The world fades to black, and my last thought is that I should have known better than to trust a monster in a mask.

Chapter 26

Lola looks small in the cell, curled on her side like a broken doll. Something twists in my chest watching her—something that has no place in tonight's performance. The Reapers are watching through the cameras, evaluating every move. I can't show weakness. Not now.

I check her breathing for the third time. The chloroform might have been too much for someone her size, but backing out wasn't an option. Not with Rick Kemper making his own moves, sending those photos of her mother. He thinks he's ahead of the game. He has no idea what's waiting in this chamber.

The monitors cast blue light across her face. Even unconscious, she's got that stubborn set to her jaw. That's what drew me to her first—not just her beauty, but that quiet defiance. The way she surrendered in the garden maze but kept that spark of fight. The way she let me claim her in front of the Reapers but never fully broke.

My little Duchess. Who would have thought she'd become more than just bait?

I've orchestrated everything perfectly—using our connection to lure her here, playing the possessive lover to hide my true purpose. The Reapers want Rick Kemper's blood. I want his suffering. But Lola... Lola's become the wild card I never expected.

She stirs, a soft sound escaping her lips. I straighten in my chair, hidden behind the two-way mirror. She'll be disoriented at first, then angry. Then terrified when she realizes where she is. The same chamber where she watched me torture Jack.

Part of me hopes she'll understand once it's over—that this was the only way to protect her from what's coming. Rick Kemper's games are more dangerous than she knows. But another part, the darker part that comes alive when she submits to me, wants her to enjoy this. To embrace the monster she's been dancing with.

A groan echoes through the speakers. Showtime.

I just hope she's strong enough to survive the truth about her father.

We secure her to the chair before consciousness fully returns. Each strap feels like a betrayal, but the Reapers are watching. Everything has to look real.

"Brody?" Her voice cracks as awareness returns. She fights against the restraints, anger cutting through the drug haze. "I trusted you! Show yourself!"

I step into the light, masked and silent. Everything about this moment needs to be perfect—for the cameras, for the Reapers, for what comes next.

"Quiet." My voice carries authority she hasn't heard before. "No names in here. Understand?"

She studies me through clouded eyes—black shirt, dark jeans, mask hiding any trace of the man she knows. Anysane person would be terrified. But my Duchess just watches, calculating even now.

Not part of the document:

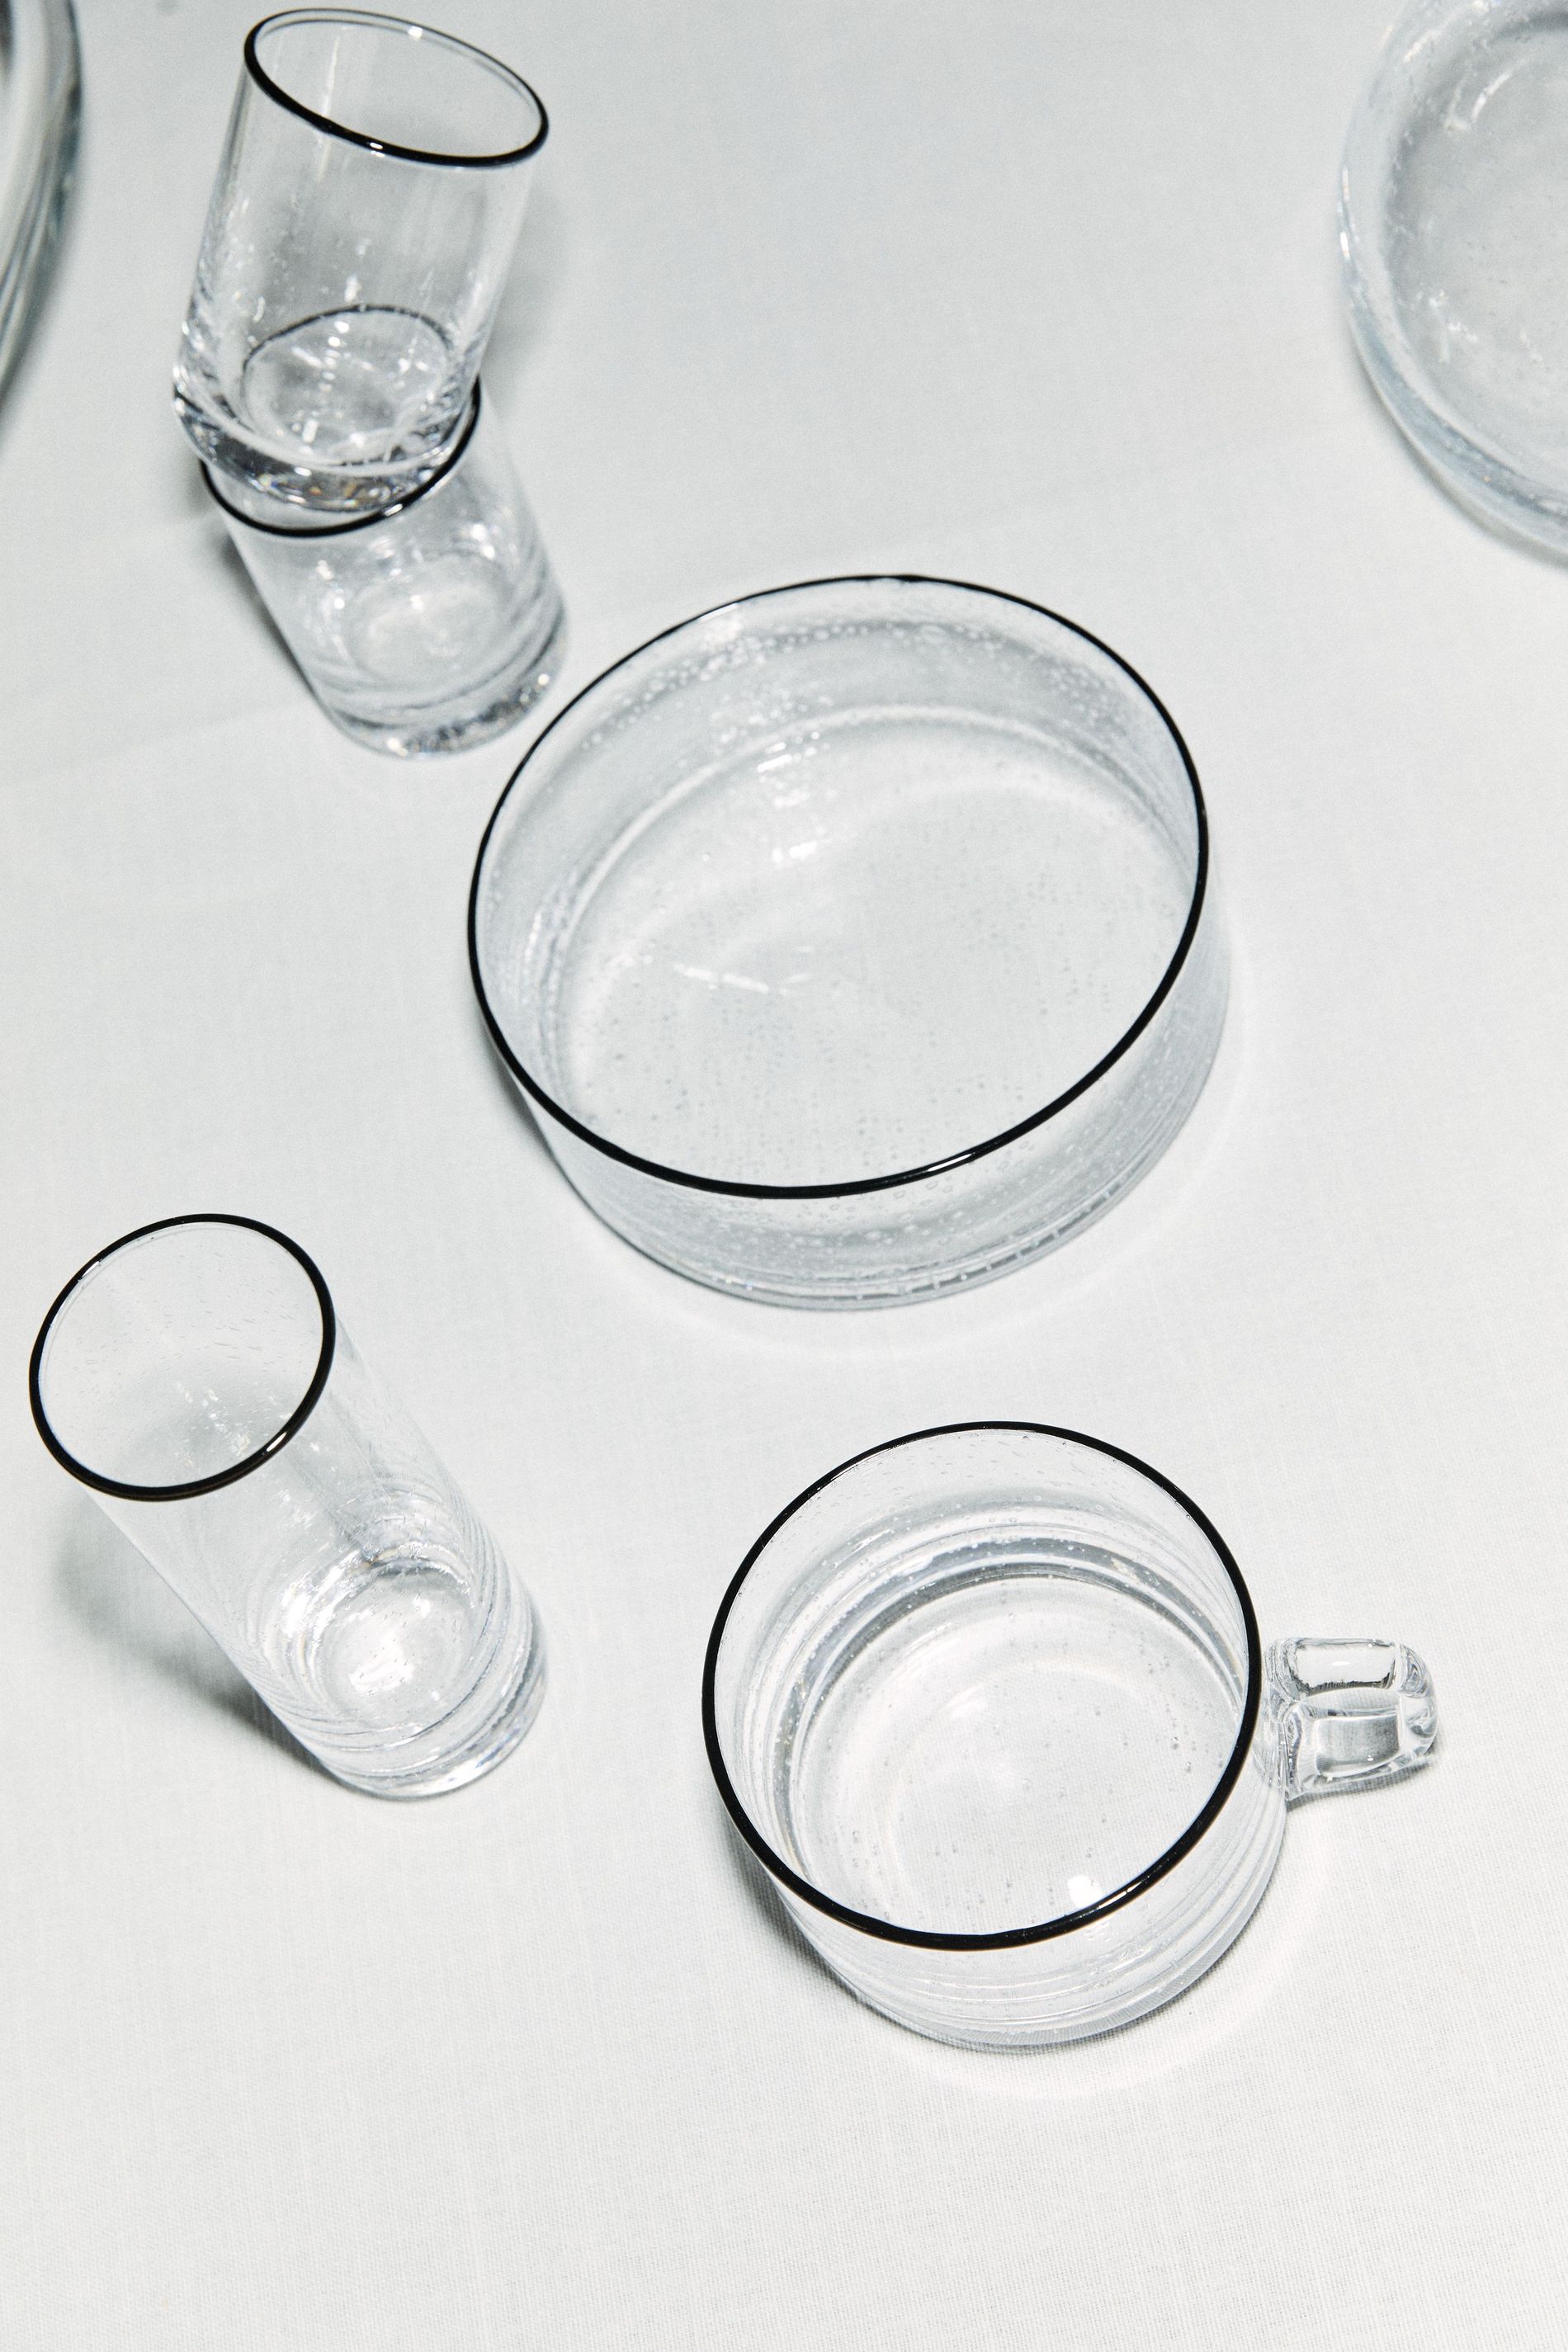 Glassware from Sophia Roe's interior collaboration,

Her hands tremble against the restraints, but it's from the chamber's cold, not fear. Everything in me wants to protect her from what's coming, but that's not what the Reapers want to see.

I lean close to the bars, voice dropping to barely a whisper. "Be compliant. I'll get you out of this. Trust me."

The slight tilt of her head tells me she understands. This is bigger than us now. If I wasn't the one doing this, it would be someone else. Someone who wouldn't care about keeping her safe.

She looks otherworldly in the chamber's harsh light, defiant even bound to the chair. I turn to the table of implements, making a show of selecting tools. "What comes next... you won't enjoy it."

The weight of my brother's broken body haunts every move. This initiation, this performance—it's all for him. For justice. But watching Lola's defiant eyes, I wonder if there'll be anything left to salvage between us after tonight. I pick up the first tool of torture.

"They think you're hiding something." I let the riding crop trace her legs.

She hisses at the first strike, still fighting through the drug haze. Even now, she's calculating, adapting. My perfect match in this twisted game.

I circle her like a predator, letting the leather tails whisper across her skin. Each touch is a message—hard enough to satisfy our audience, gentle enough to keep from marking her permanently. When I strike her face, it's all theater, no real force behind it.

"If it wasn't me," I breathe, close enough that only she can hear, "they'd show no mercy."

"Just keep me alive." Her whisper carries steel beneath the fear.

I force her legs apart, making a show of dominance for the cameras. She grabs the bars, knuckles white but spine straight. Even bound and exposed, she maintains that quiet dignity that first drew me to her.

The implements laid out on the table tell a story of pain, but I choose them carefully. Everything has to look worse than it is. Someone's streaming this to Rick Kemper right now, showing him exactly what his games have cost his daughter.

I catch the camera's red eye, making sure they know I see them watching. This performance isn't just for the Reapers anymore.

"Give Daddy a good show." The voice modulator makes me sound inhuman. Perfect.